Saturday was a great day – The tent was painted and sprayed and looks marvellous, in a sort of neon-grunge sort-of-way… Me and Bobby Convey spray-painted Outside it’s raining… Inside it’s wet on the back of the tent as it seemed both hilarious and appropriate. Hee.
I managed to get a particularly interesting pattern gently burnt onto my back where my skin was left exposed to the not-supposed-to-be-there sun; the best part of it is where you can see the outline of my fingers as they struggled to push the sunscreen across my back. FAIL.
Today was spent hiding out from the world and aside from a must-go-i’m-out-of-milk trip to the corner shop – or should I say Tesco – i’ve done pretty much bugger all. Meant to tidy my room, meant to do some Pilates but no. I didn’t add anything to the MW#1 emails in progress that are sitting in the Drafts folder but I thought about things a lot.

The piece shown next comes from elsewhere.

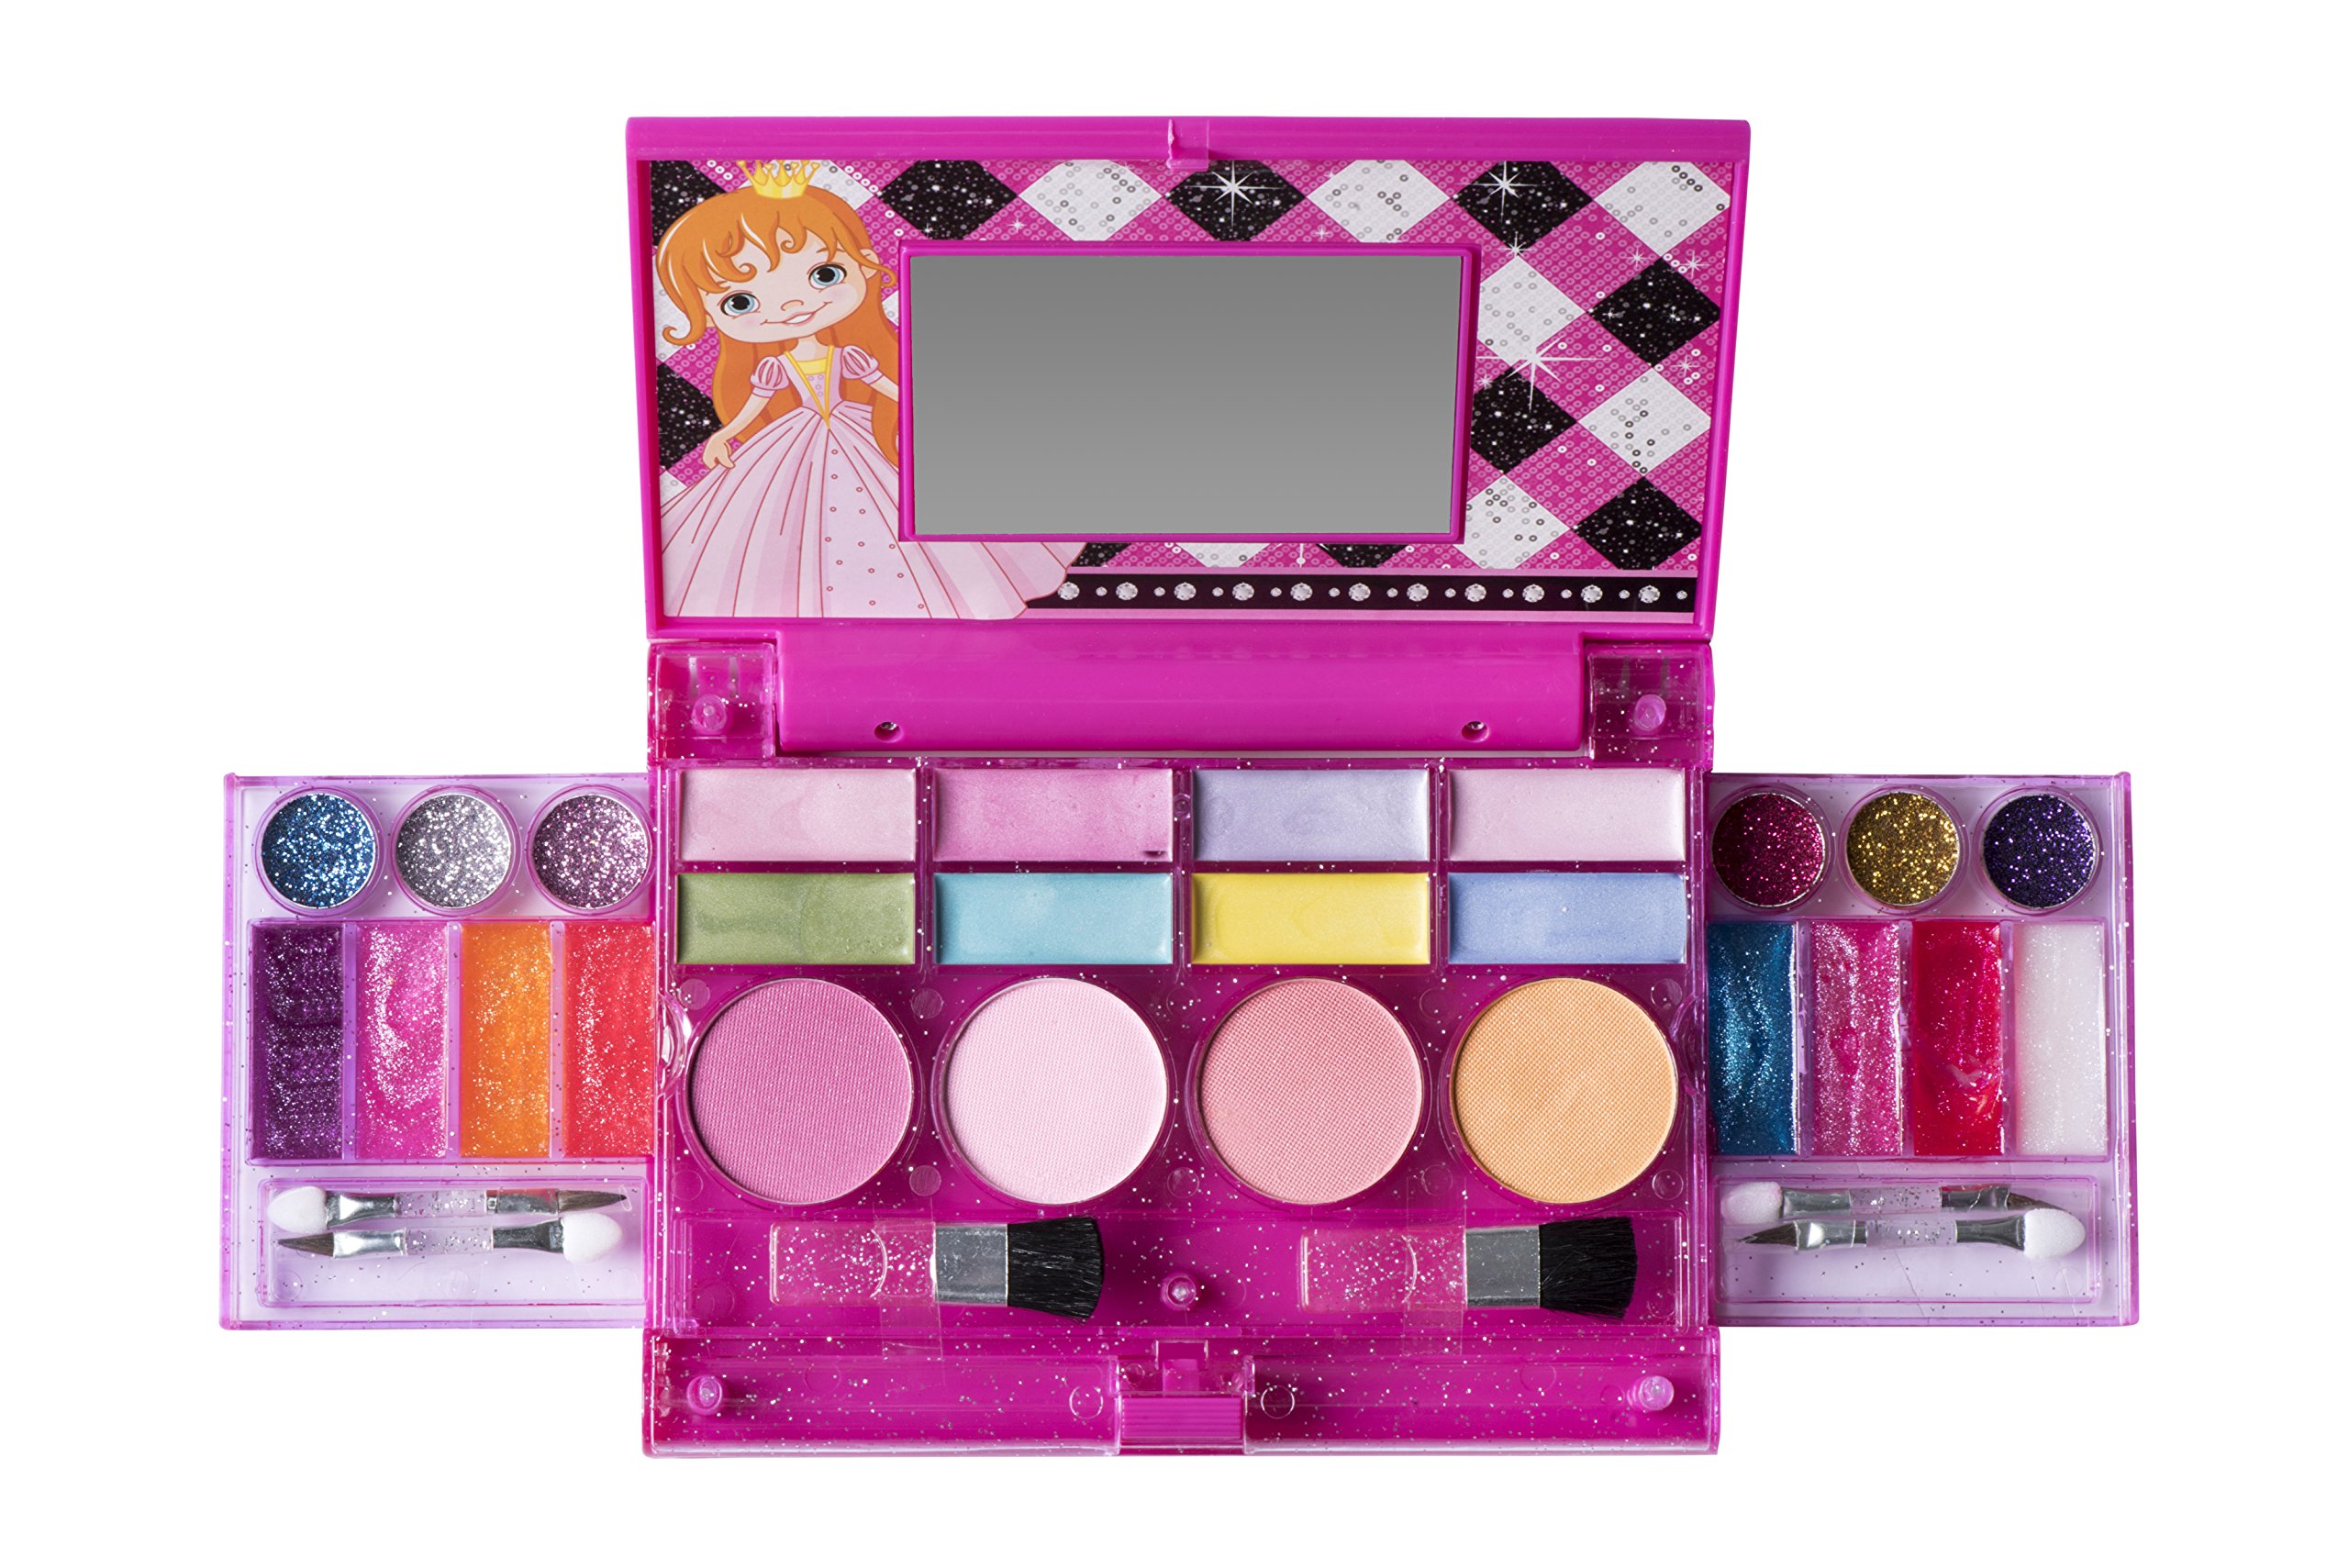 PlaykizPlaykidz: My First Princess Makeup Chest, Girl's All-In-One Deluxe Cosmetic and Real Makeup Palette with Mirror (Washable) - image 2 of 5

Thinking about things inevitably leads to upset and so on-and-off throughout the day I shed tears, from the watering eyes variety to full on sobs. I never felt as bad as this when things actually ended, or should I say the coffee that never happened. It’s as if all the emotions associated with the loss of someone are only just hitting now, and suffice to say i’m not feeling particularly good.
I thought I felt so bad because it was the whole “i’m just tired” bollocks that usually makes me weepy but an afternoon nap did nothing to stem the escape of liquid. I got teary-eyed throughout Star Trek rather than just at the beginning when George Kirk is killed and his wife is left alone with the just-birthed James. Not good.
As I re-read things and think over stuff it is more and more obvious what a complete bastard MW#1 was; of course, me caring so much for such an utter prick makes me feel like the bigger fool for doing so. Ich bin LOSER. Also, fact and sense don’t apply in love and so although he treated me abominably – hello Jane Austin – I still feel so very sad, and still wish I could curl up with him when I crawl into my bed this evening. Even though I know it’s wrong, can’t happen and is utterly stupid. Oh Patrick, you really are the best.
Anyway, tomorrow is MR T’s MOT, and so at least tonight I will be able to curl up with Patrick and worry about my car in addition to my usual worries. FFS.